• [Work instruction]: All of the data should be copied exactly, with the pictures left out.

• [Data section]:

>>

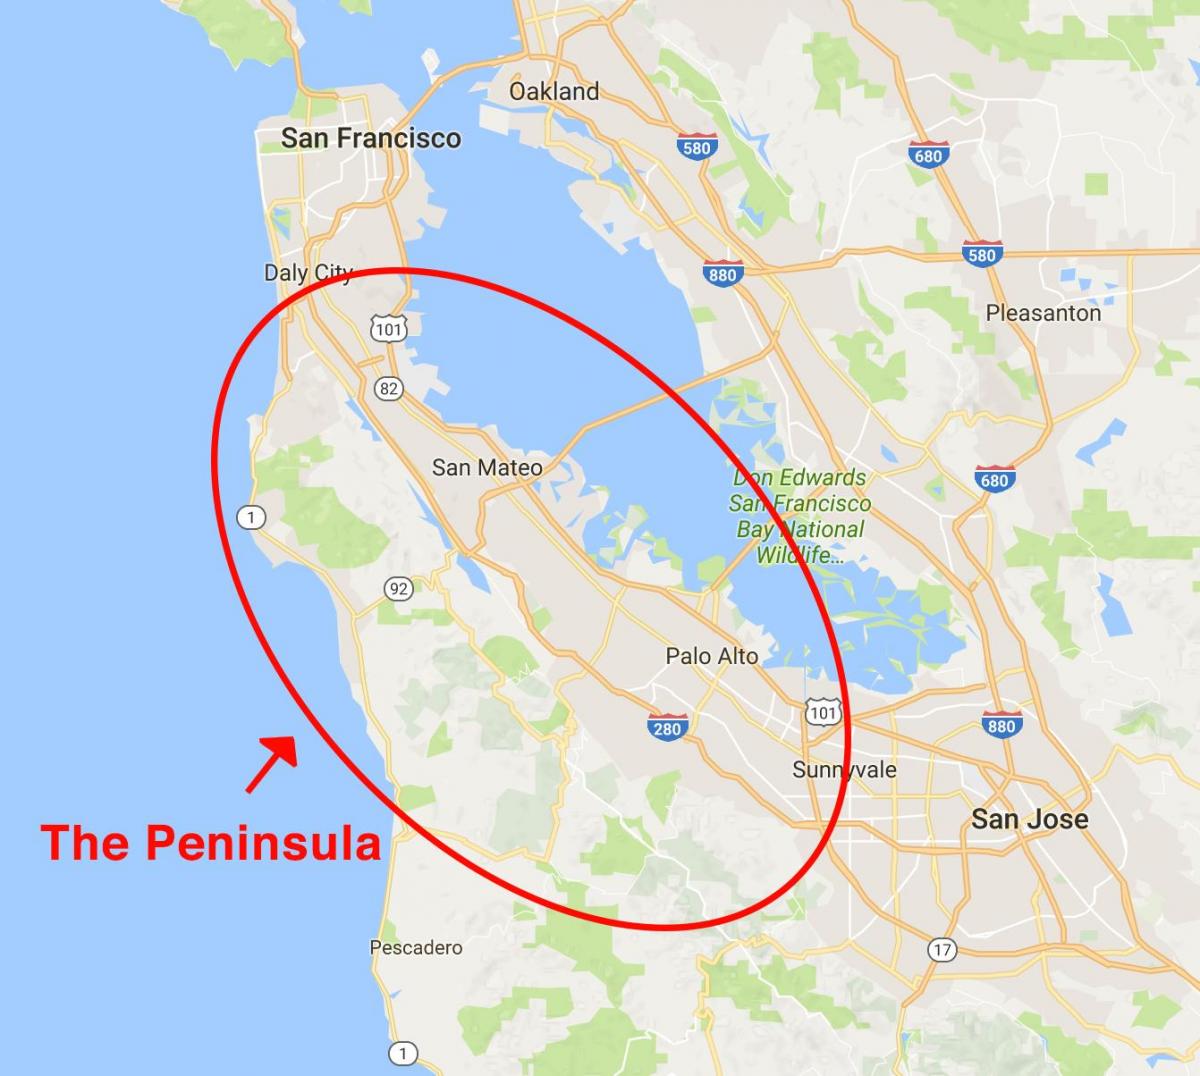 Mapa de la península de San Francisco 
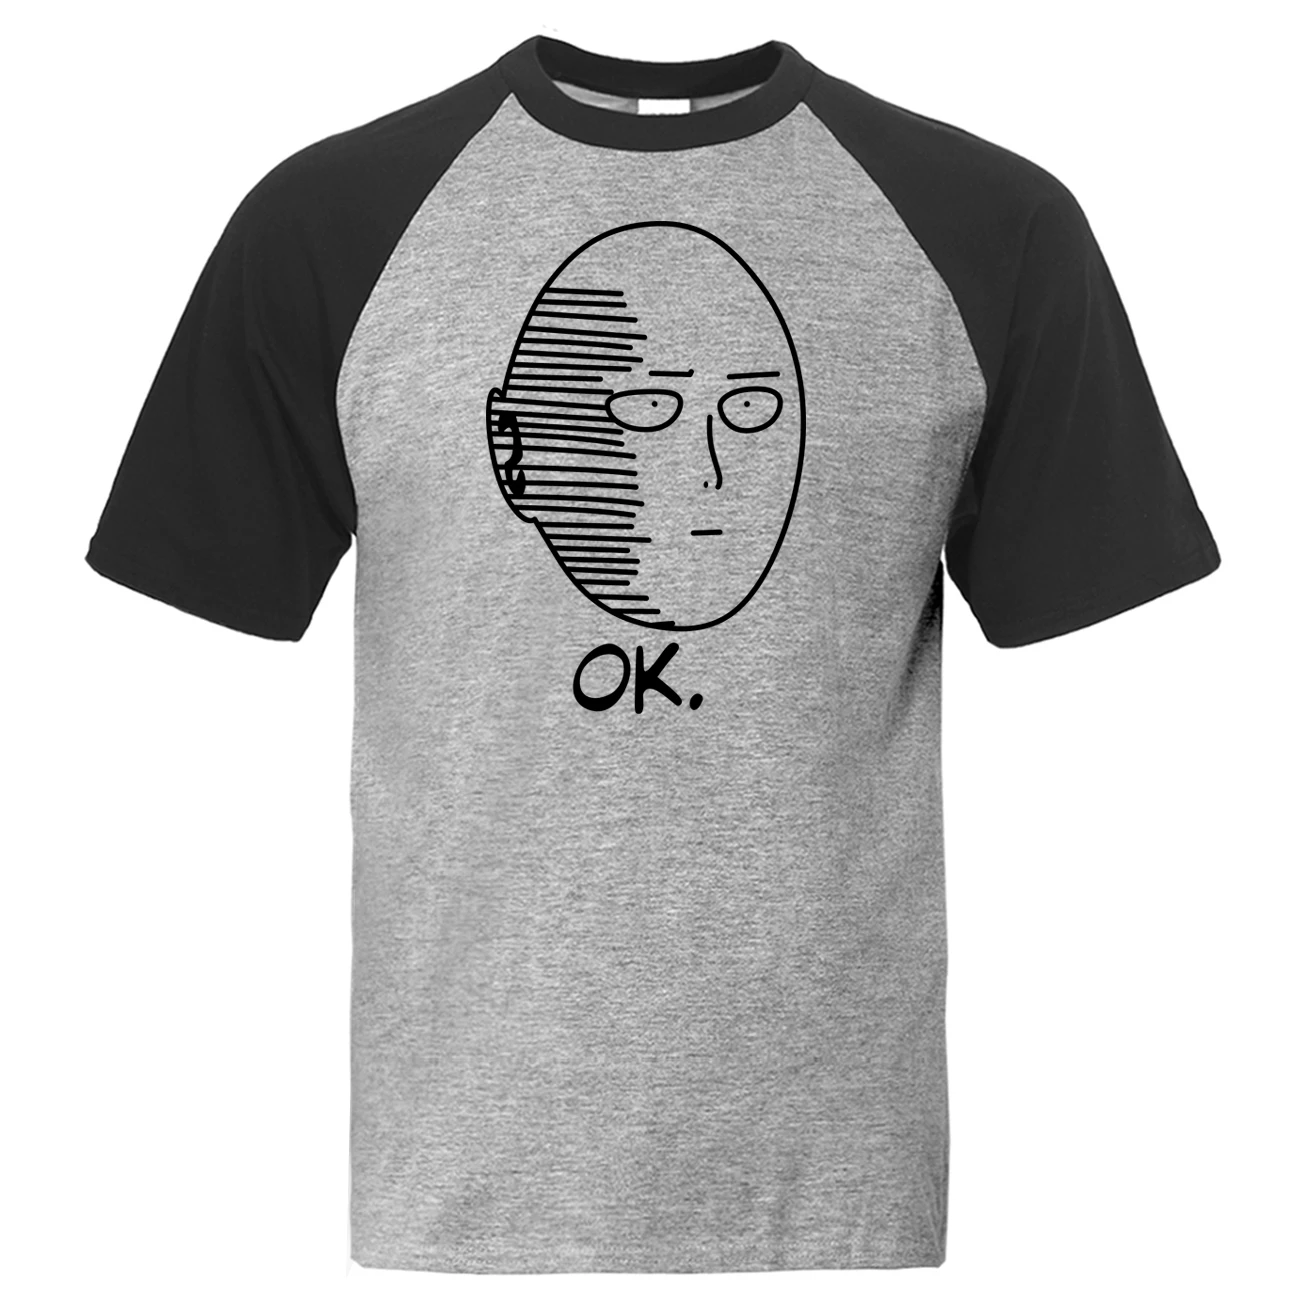 One Punch Man Saitama Футболка мужская OK реглан японского аниме футболка мультфильм футболки летние топы хлопок короткий рукав забавная футболка - Цвет: Black Gray  1
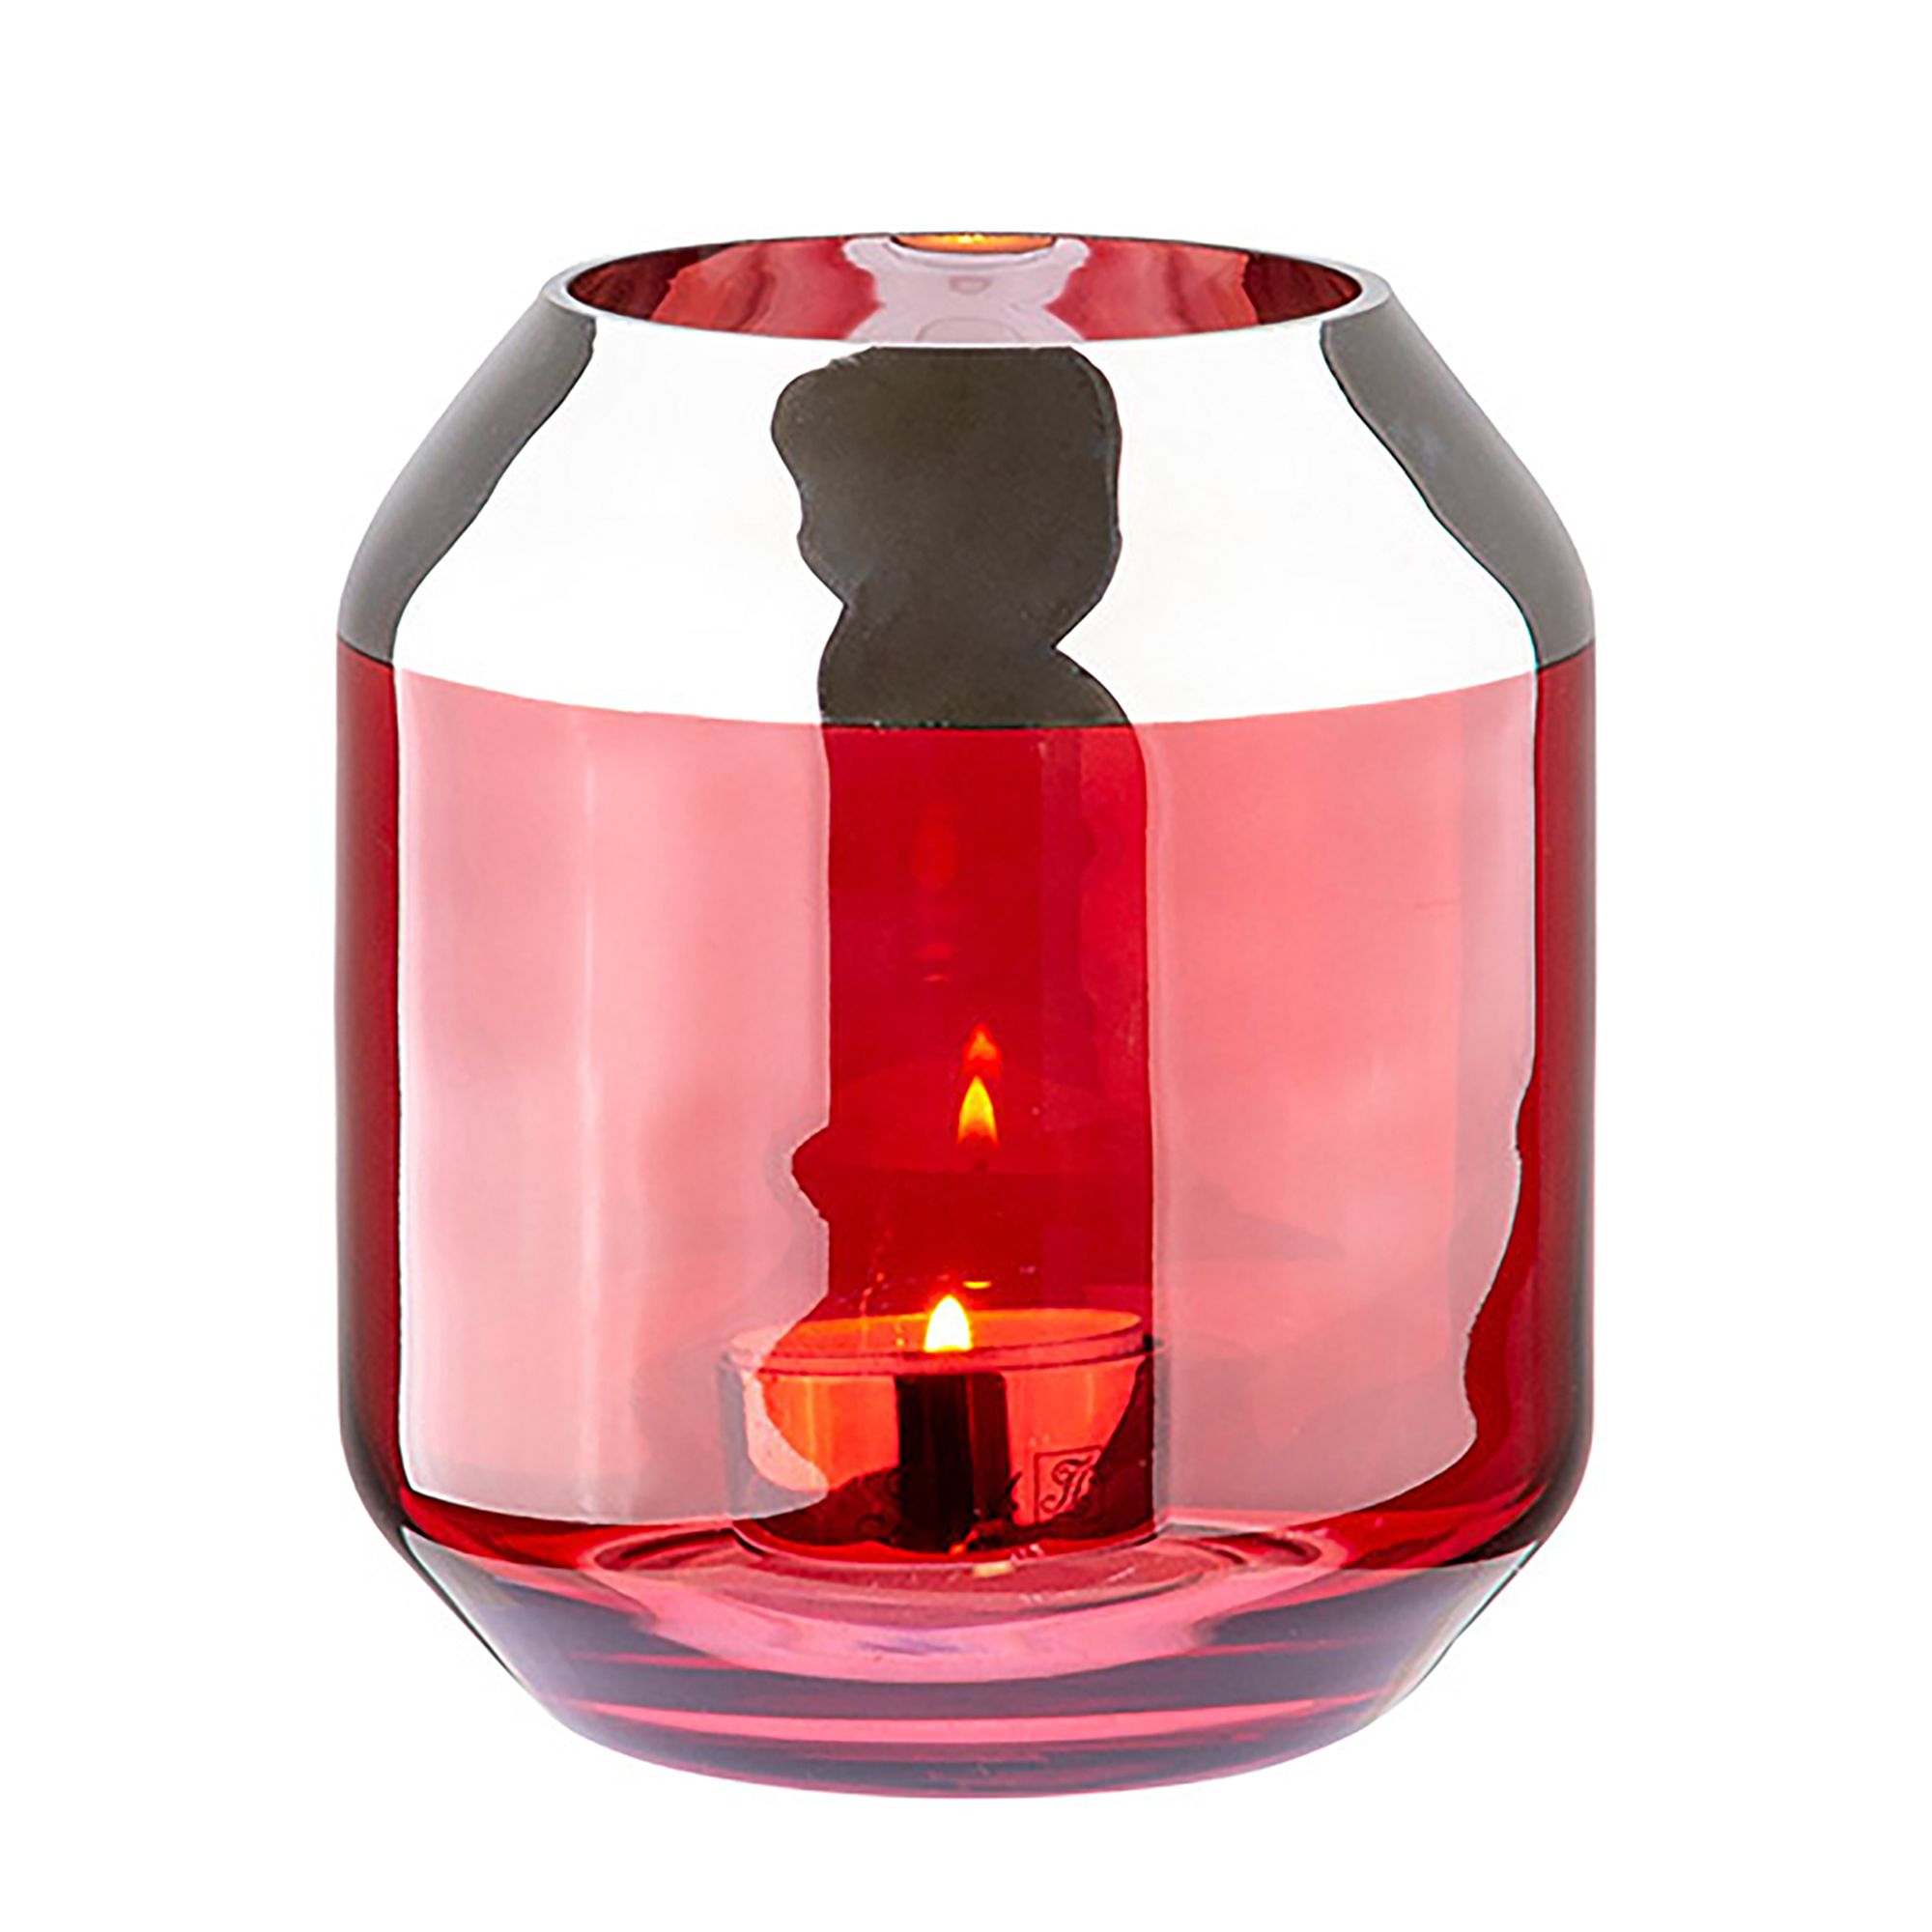 FINK Teelichthalter SMILLA Glas rot 14cm, 12cm Ø Höhe

<<

• [Task result]:
 Mapa de la península de San Francisco 
 One Punch Man Saitama Футболка мужская OK реглан японского аниме футболка мультфильм футболки летние топы хлопок короткий рукав забавная футболка - Цвет: Black Gray  1
 FINK Teelichthalter SMILLA Glas rot 14cm, 12cm Ø Höhe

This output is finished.